BEGIN SOURCE DATA
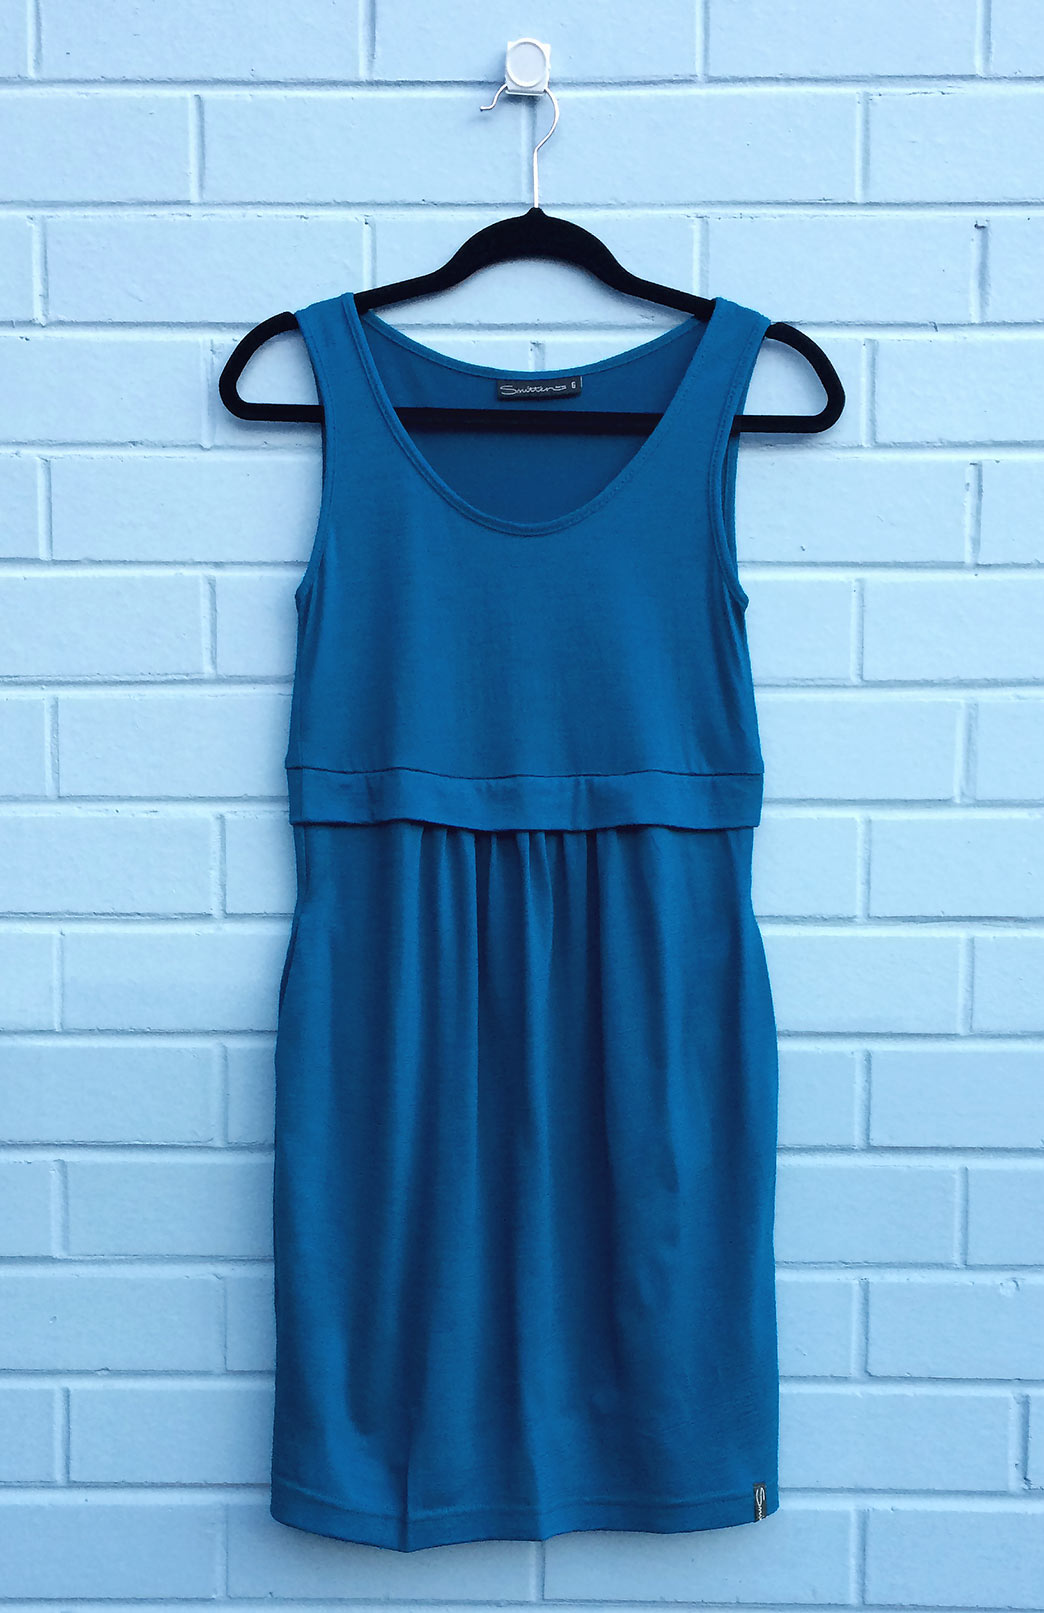 Tulip Dress - Women's Teal Merino Wool Fitted Tulip Dress with Side Pockets - Smitten Merino Tasmania Australia
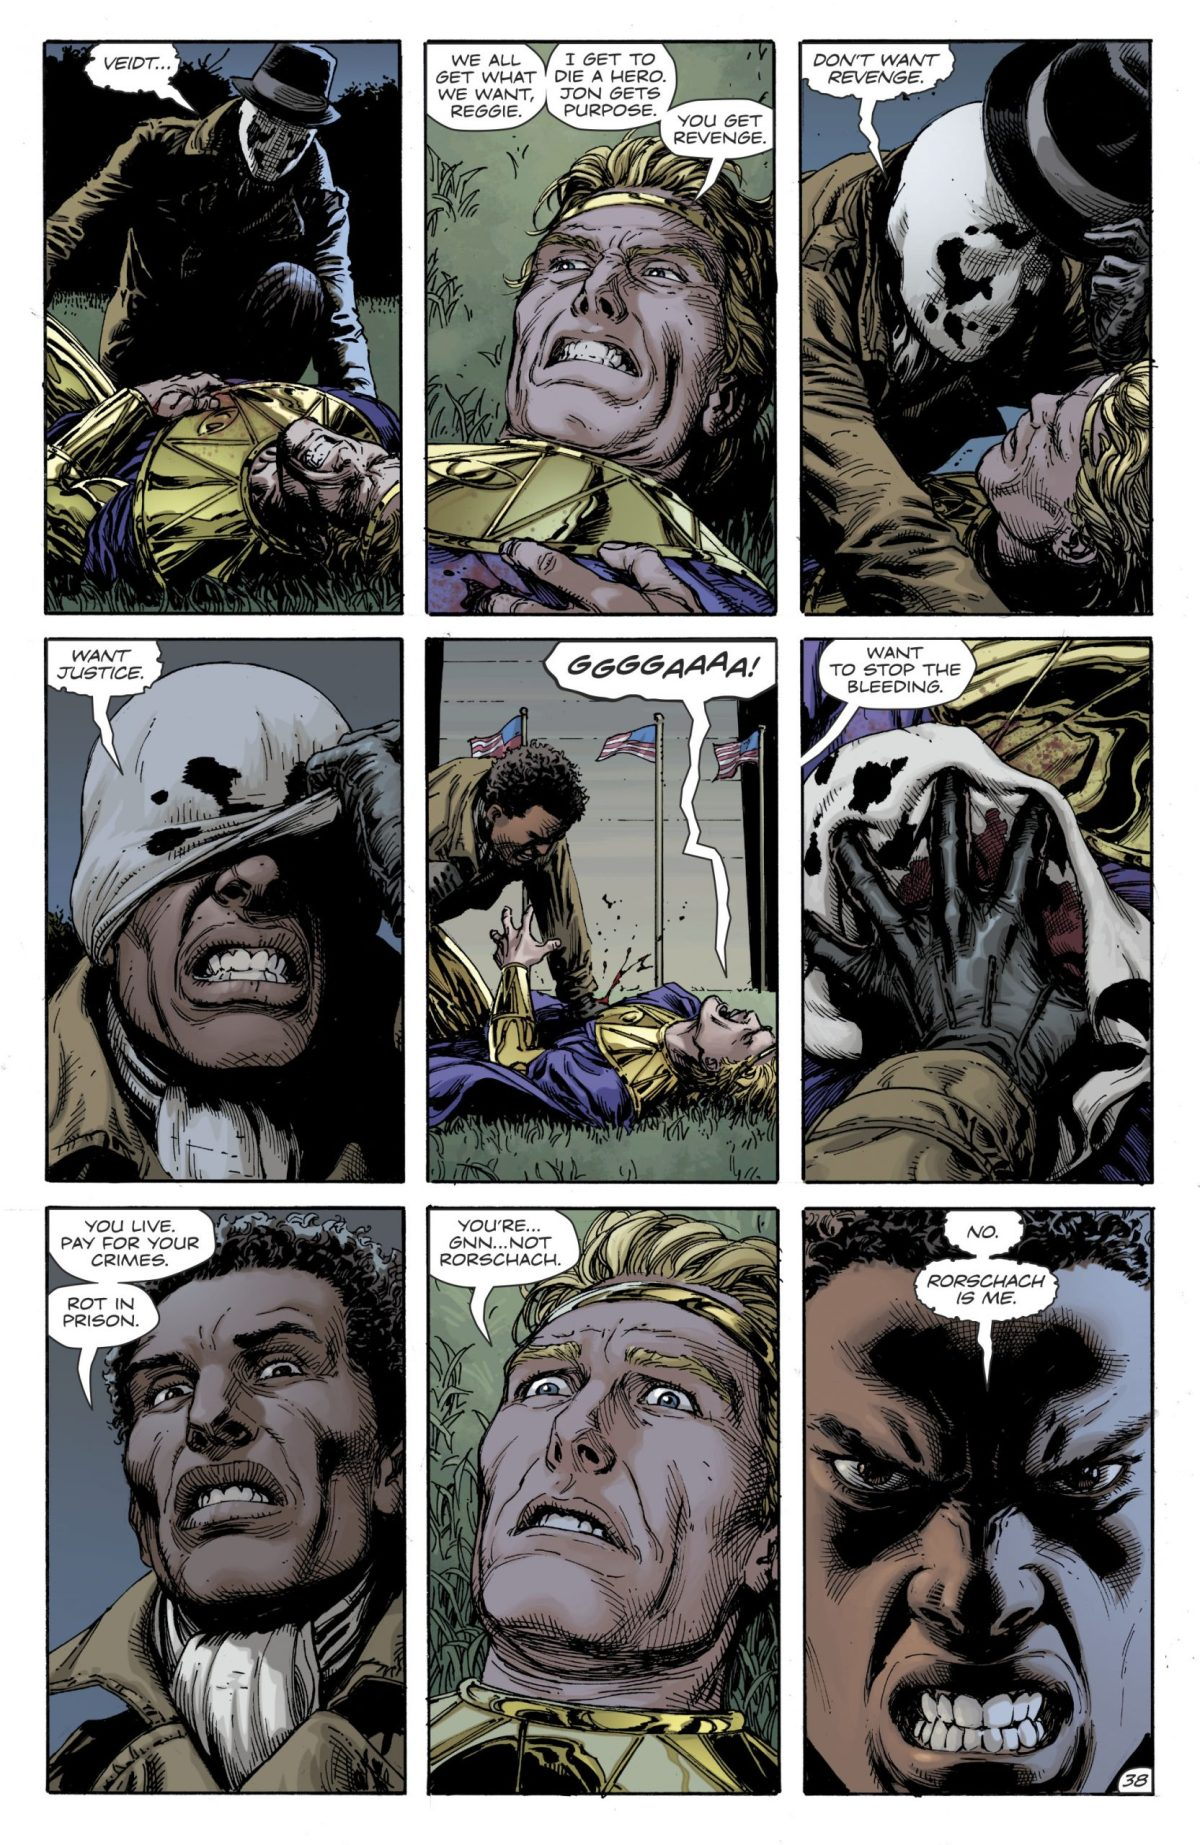 Doomsday Clock #12, Page #38, Rorshach holds down Ozymandias
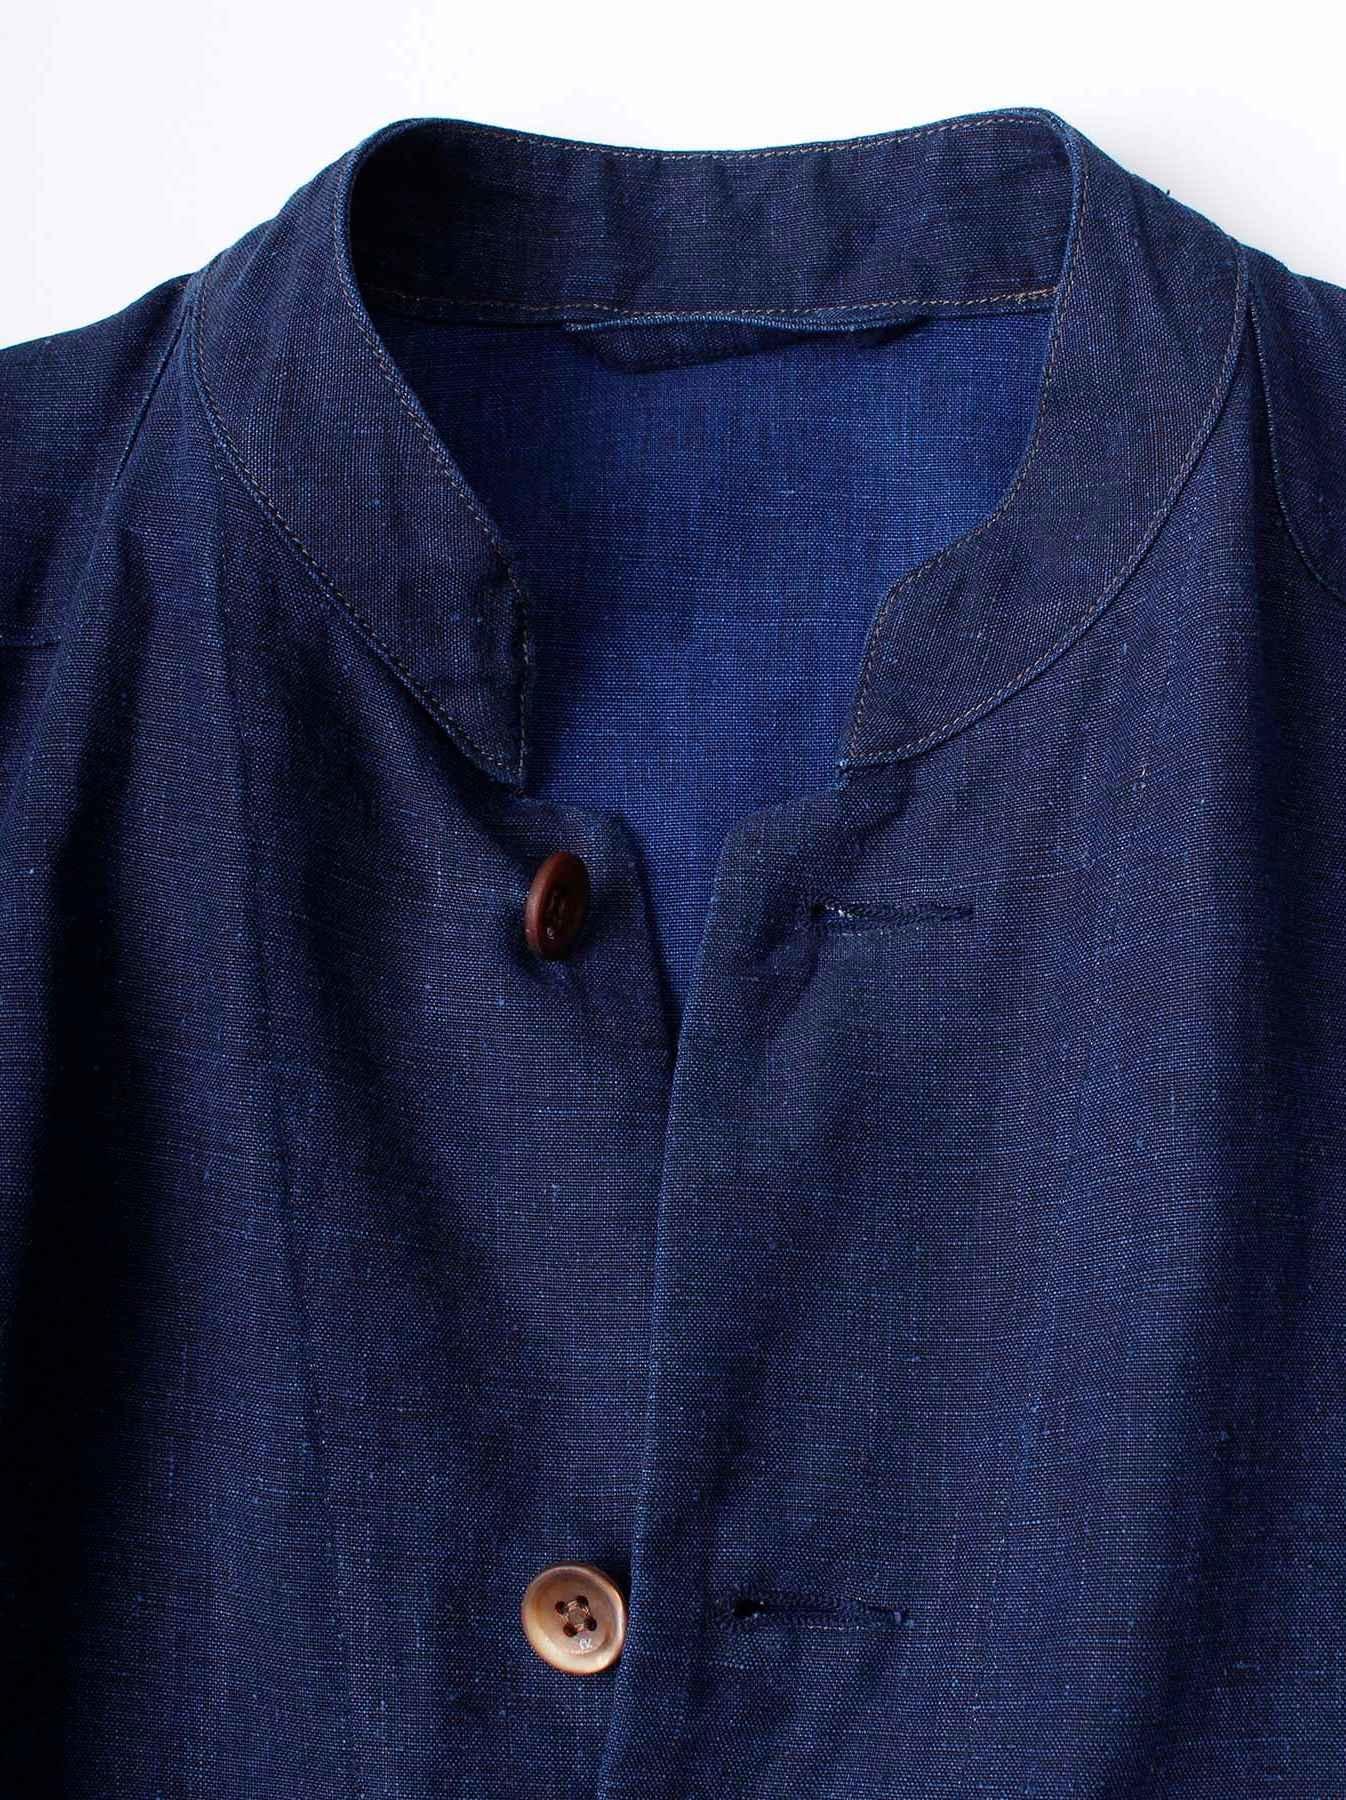 WH Indigo Linen Stand Collar Jacket-6
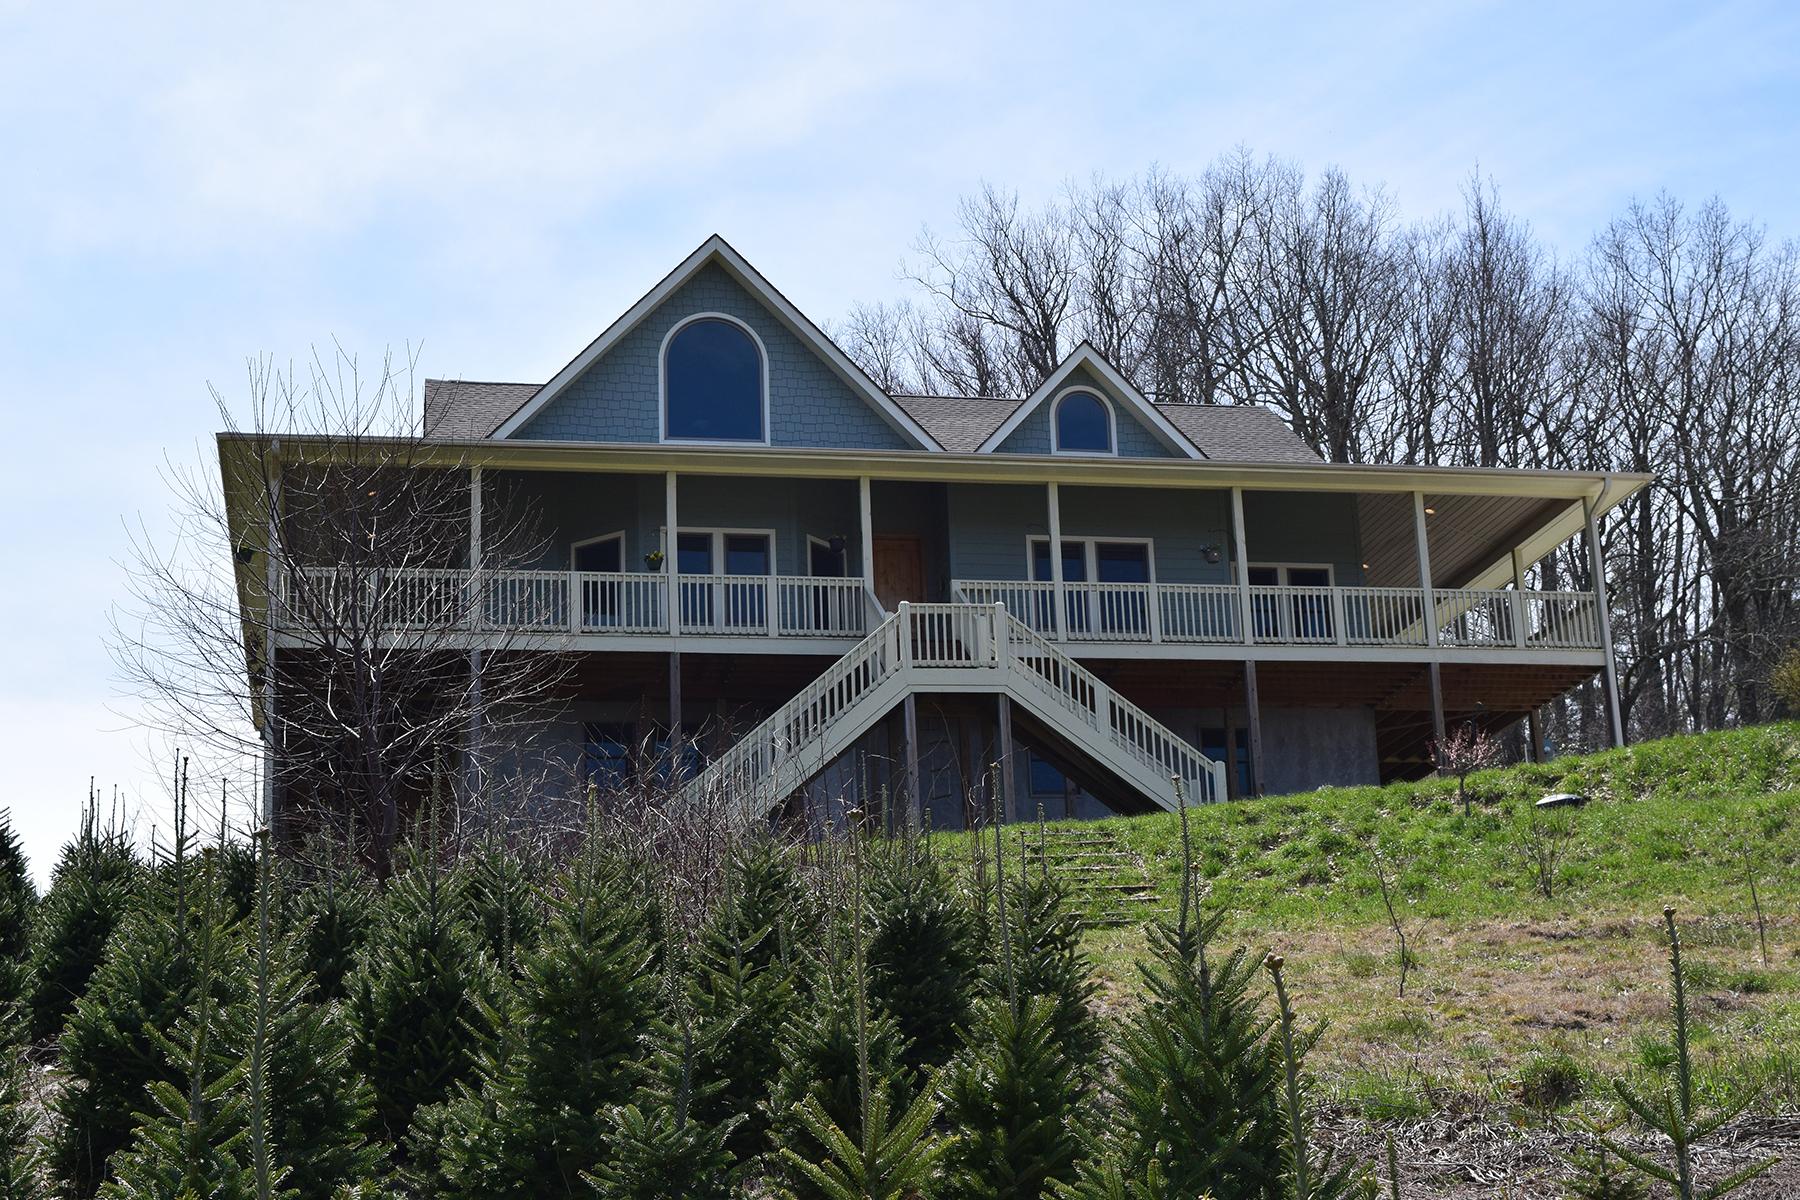 Single Family Home for Sale at Newland 194 Damon Vance Lane Newland, North Carolina, 28657 United States
END SOURCE DATA
AIM OF THE TASK =
No picture belongs in the copy; return the rest of the listing exactly.

ANSWER FOR THIS EXERCISE =
 Tulip Dress - Women's Teal Merino Wool Fitted Tulip Dress with Side Pockets - Smitten Merino Tasmania Australia
 Doomsday Clock #12, Page #38, Rorshach holds down Ozymandias
 WH Indigo Linen Stand Collar Jacket-6
 Single Family Home for Sale at Newland 194 Damon Vance Lane Newland, North Carolina, 28657 United States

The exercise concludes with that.